Peptide Sets

A total of ~1.4 million individual peptides representing human proteins will be synthesized over the course of the ProteomeTools project. These are segmented as follows:

  • 550,000 tryptic peptides, covering essentially all human genes and isoforms
  • 200,000 non-tryptic peptides, i.e representing products of alternative proteases
  • 350,000 post-translationally modified peptides representing phosphorylation, acetylation, methylation, ubiquinylation and glycosylation
  • 200,000 peptides representing other interesting biology such as disease associated mutations, HLA neo-antigens, protease cleavage products, small open reading frames or translated lncRNAs

Furthermore, peptides will be chemically modified using tandem mass tags (TMT) and di-methyl labels to provide fragmentation data for these quantification methods.

We welcome participation by the scientific community to this project. In particular, we would be interested to learn about interesting sets of peptides to make so that these can be incorporated into the project. Within reason, we can also share the ProteomeTools Peptide Library (PROPEL) with scientists willing to measure these on platforms not available to this project.

 

Released Datasets

The following peptide sets are available as raw data from the PRIDE repository and as fragmentation data in ProteomicsDB.org. Ready to use spectral libraries will follow in due course. Please refer to the 2017 Publication in Nature Methods for further details and tables of peptides and data currently available. The seven sets of tryptic peptides in the current release contain 549,411 peptides covering 19,749 human genes as annotated in Uniprot/SwissProt (Version 2016-07-20; 42,164 protein sequences).

 

Unmodified, tryptic peptides

'Proteotypic Peptide' Set

This set contains 124,875 tryptic peptides covering 15,855 protein coding human genes (by SwissProt) that have been frequently and confidently identified in ProteomicsDB.org. This data is designated as “TUM_first_pool” in PRIDE.

'Missing Gene' Set

For canonical gene products lacking confident protein level identification in ProteomicsDB.org all unique tryptic peptides between 7 and 30 amino acids in length (maximum of one missed cleavage site) were synthesized and measured. This set contains 140,458 peptides covering 4,818 protein coding human genes (by SwissProt). This data is designated as “TUM_second_pool” in PRIDE.

'SRMAtlas' Set

The ProteomeTools Consortium obtained a subset of the SRMAtlas collection of peptides. This set contains 90,967 peptides mapping to 19,099 protein coding human genes (by SwissProt). This data is designated as “SRMAtlas” in PRIDE.

'Isoform' Set

Set covering protein isoforms annotated in SwissProt with unique tryptic peptides. The set contains 125,512 peptides and covering 9,354 human genes. This data is termed “TUM_isoform” in PRIDE.

'Missing Gene' Addon Set

Set extending the 'Missing Gene' Set by 54,710 peptides for canonical gene products lacking confident protein level identification in ProteomicsDB.org. This data is termed as “TUM_second_addon" in PRIDE.

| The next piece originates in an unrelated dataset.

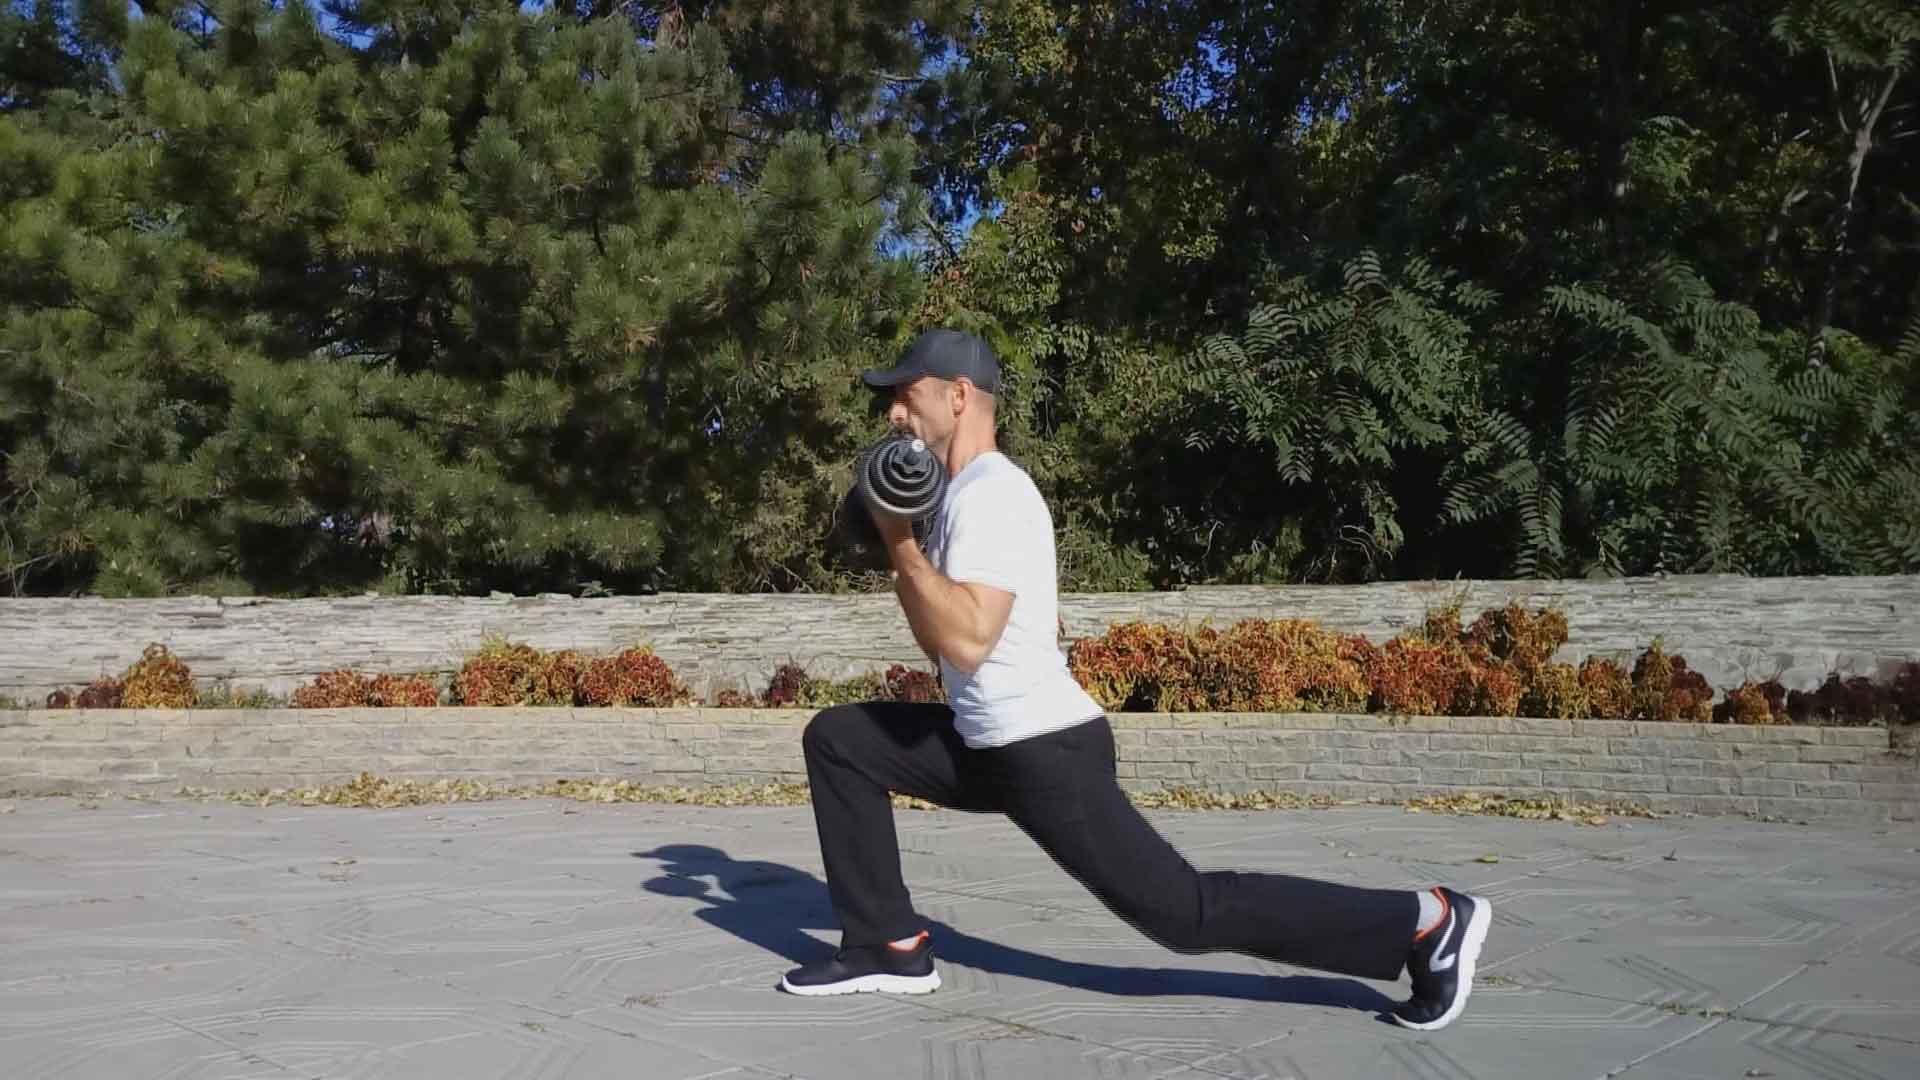 Упражнение для похудения. Выпады назад со сгибанием рук с гантелями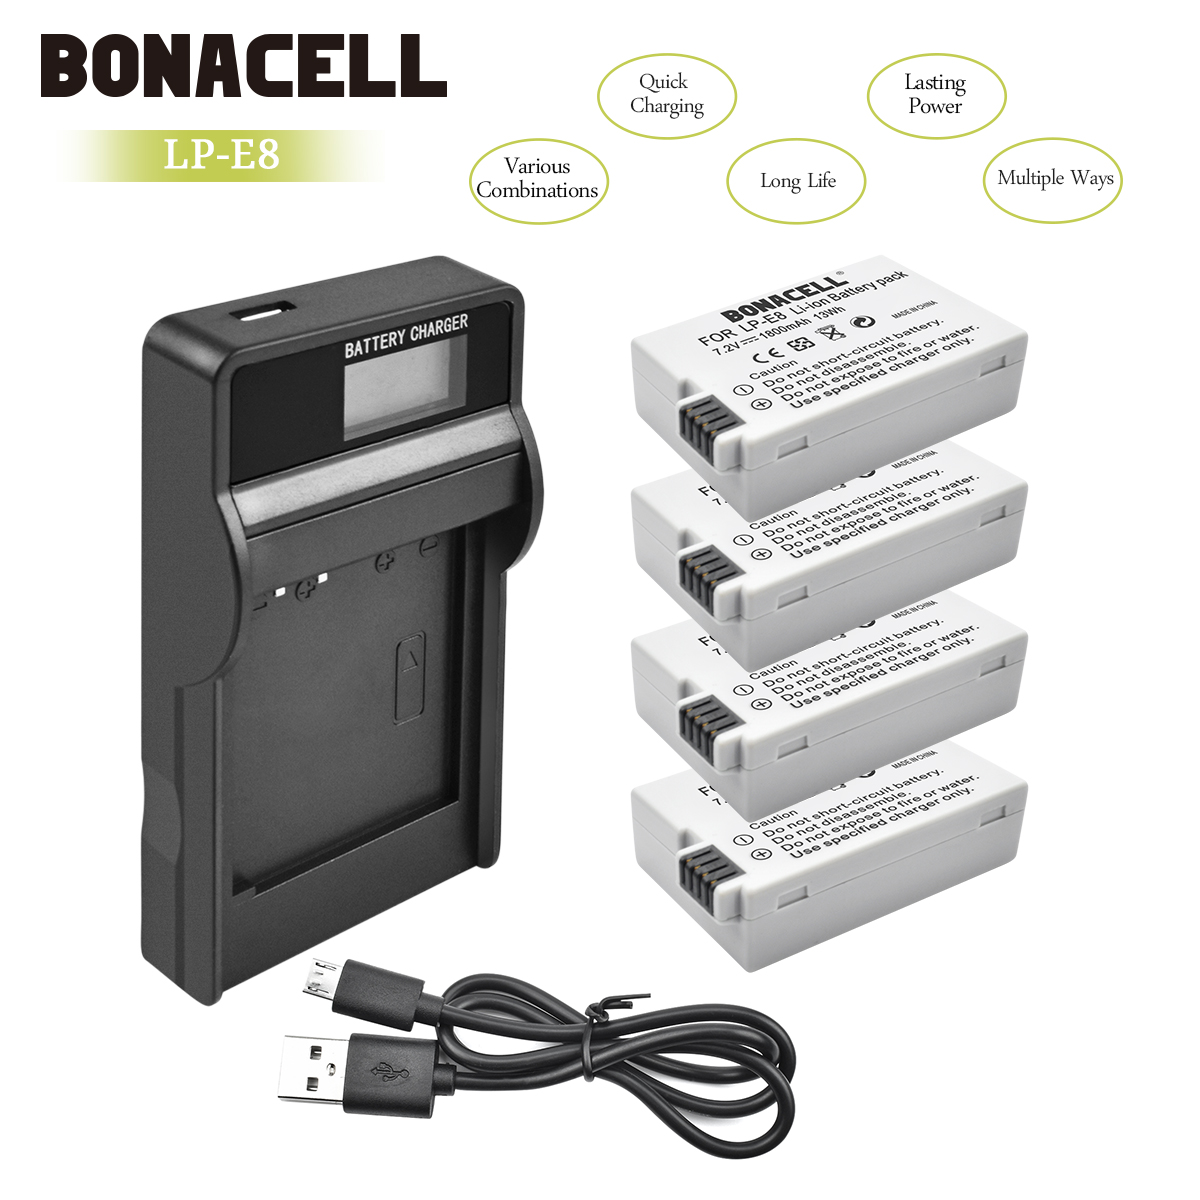 Bonacell LP-E8 LP E8 LPE8 Camera Battery+LCD Charger For Canon EOS 550D 600D 650D 700D Kiss X4 X5 X6i X7i Rebel T2i T3i T4i L10

'Proteotypic when labeled' Set

Set of 29,141 peptides that are often detected in studies employing tandem mass tag labels. Note that the peptides in this set are not isobarically labeled. This data is termed  “TUM_proteo_TMT" in PRIDE.

'Resynthesis of proteotypic peptides' Set

Set of 12,760 peptides that were part of the initial “proteotypic” peptide set but were not detected using Liquid chromatography mass spectrometry (LC-MS). This data is termed “TUM_proteo_TMT" in PRIDE.

 

Upcoming Datasets

The ProteomeTools Consortium is currently working to synthesize, measure and release the following peptide sets to the community.

Expect peptide sets containing post-translationally modified peptides soon. Peptides and data sets for Acetylation, Methylation, Ubiquitination (K-GG), O-linked Glycosylation and (formerly) N-linked Glycosylation (PNGaseF treated peptides) have been generated. We are currently in the process of generating extensive libraries for serine, threonine and tyrosine phosphorylation.